贺云初伏在地上磕完头,又直挺起了腰,正色面对贺清道:“女儿行事前没有考虑到父亲的处境和心情,是女儿不孝。但贺云初是您的女儿,同时也是十二万斛律氏族人的圣主。谈家与沙匪勾结行事日久,其行径已危及族人,若不是许峥有意默许怂恿,夏州府也不会对此视若无睹,谈家也更不会越走越远。今日行事虽然凶险,但要彻底清除此痼疾,一劳永逸除了后患,唯有如此行事。不管您干涉与否,我都会这么做。”
贺靖看着她跪得直挺挺的,之前身上的苒弱似是幻觉一般,面前这样的表现,才更像他的女儿贺云初,心头又升起了丝欣慰。
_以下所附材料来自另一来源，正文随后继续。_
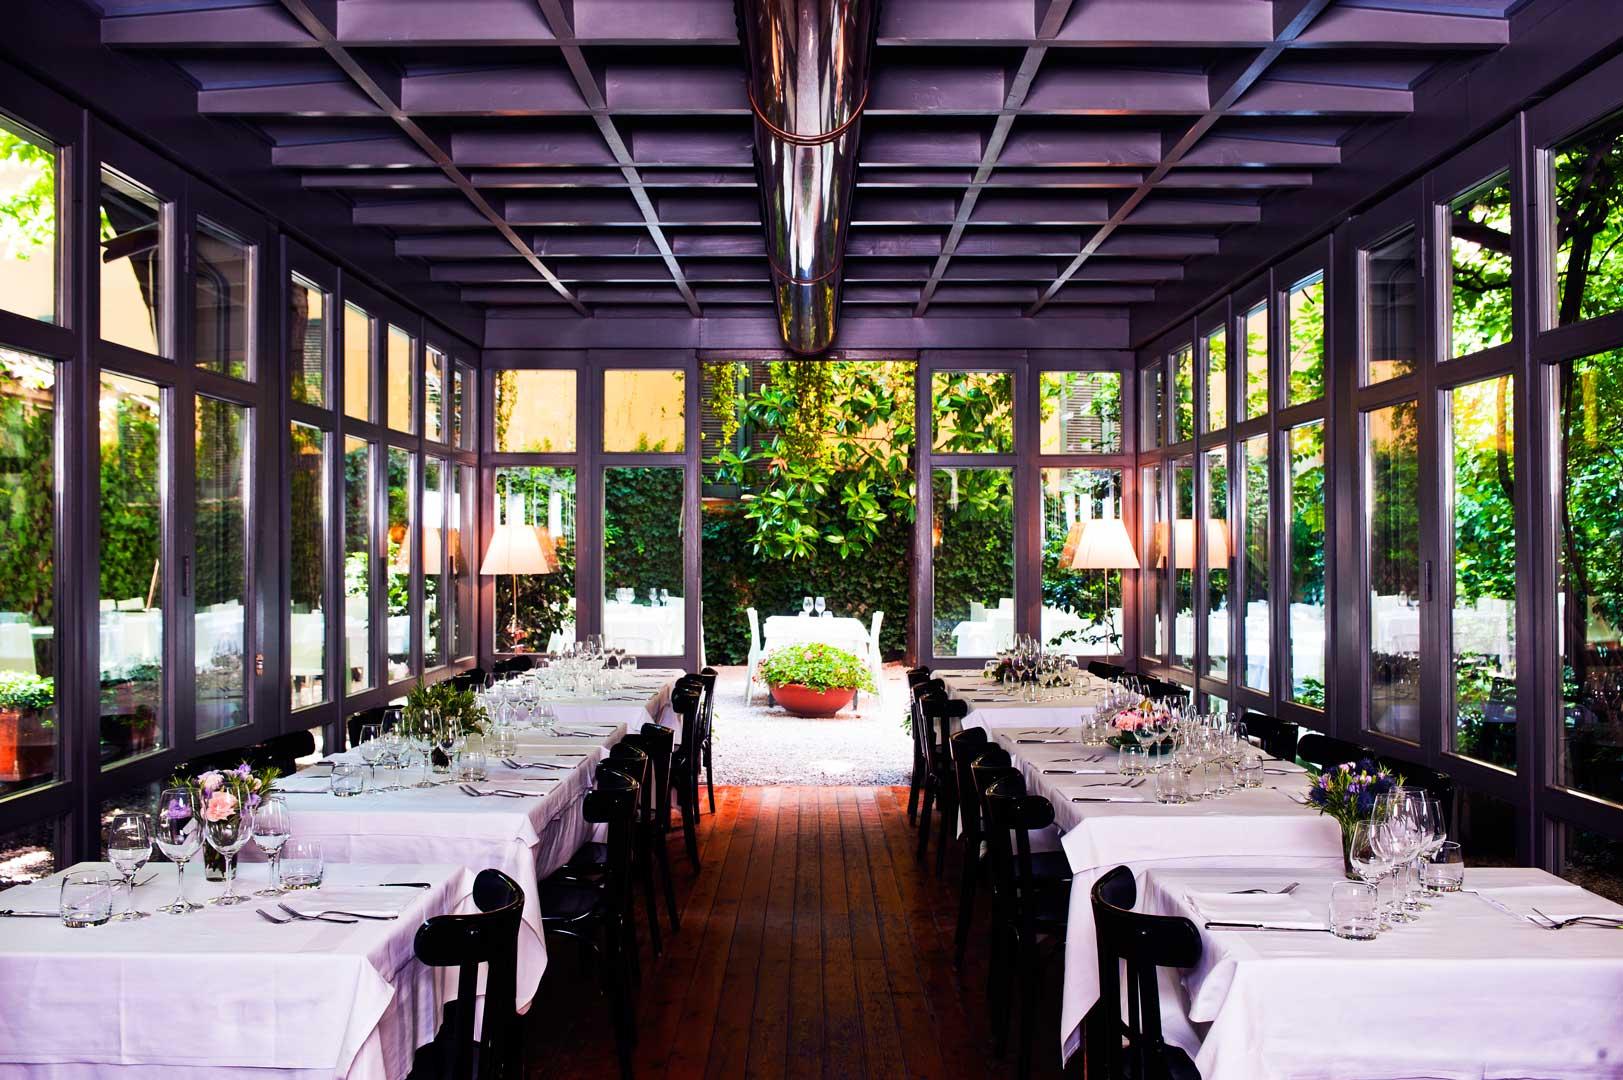 Ristorante la brisa flawless milano the lifestyle guide - Ristoranti con giardino roma ...
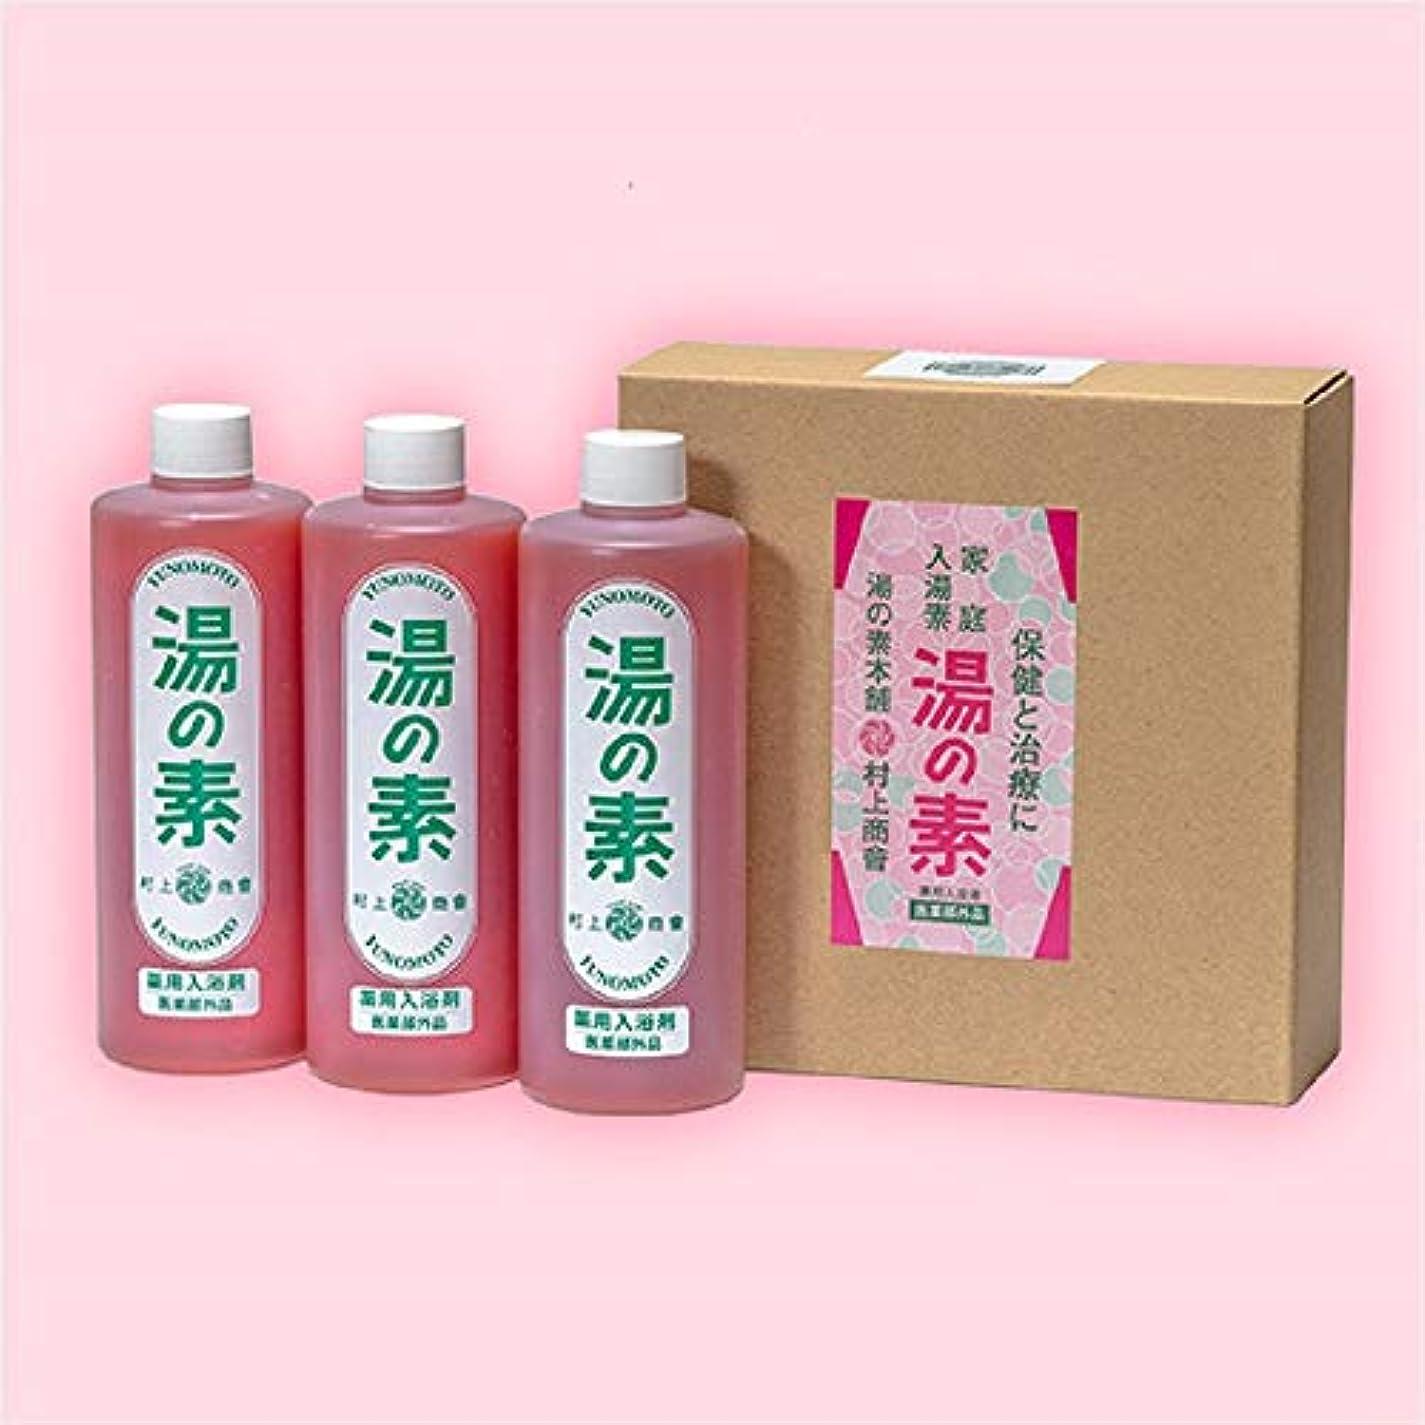 弁護人タイプライターカヌー薬用入浴剤 湯の素 [医薬部外品] 490g(約50回分) 3本セット

“你可知你此次的冒然行事,死了多少人?据刑营官兵报上来的数字,从灰烬中挖出的尸骨,不算拼不全的,少说有三百人,这么多人,你要如何善后?”
贺云初望着贺靖,眸底渐渐寒下来:“远不止三百人。”
贺靖被她的话惊了一下,莫名的就有了怒气,但还没等他训斥,贺云初已自己给了他交待。
“您是西大营的步兵统领,监军都督,可您知道许峥在拿西大营十几万众军士的生命在做什么吗?西北道每年都在兴师动众地剿匪,可为何沙匪越剿越多越剿越猖狂,您知道为什么吗?因为这些匪有官府养着,可以明目张胆地打劫往来商贾和富强豪绅,百姓却奈何他们不得。”
“而谈家,只不过是我王族十几年前恩赦的一个奴籍贱役,凭什么短短数年间就能打着谈清炫的旗号成为斛律氏的大族,你当是许峥和夏州府都不知道谈次疚模的身家吗?”
“您经营西北道这么多年,不论是招附还是劝归,在斛律氏人心目中您的存在更甚于圣主,对大梁,您此份功绩更是无人能及,难免遭人心嫉,圣上若心有偏属便罢了,倘若他也心存疑虑,您可有想过许峥如此作为是否与您攸关?”
“许峥背后若无人撑腰,他即使手握重兵,也未必敢有助长斛律族与沙匪勾结的胆量。我如此行事,虽然要搭上一些无辜者的性命,却总比被灭族的损失小。况且,那些人,有一多半还都是沙匪。”
“如此一来便绝了许峥的其他心思,若他还不死心,要重新谋划,至少也得三五年,爹爹,这三五年时间,不光是为斛律族争取的,也是为您和贺家争取的。”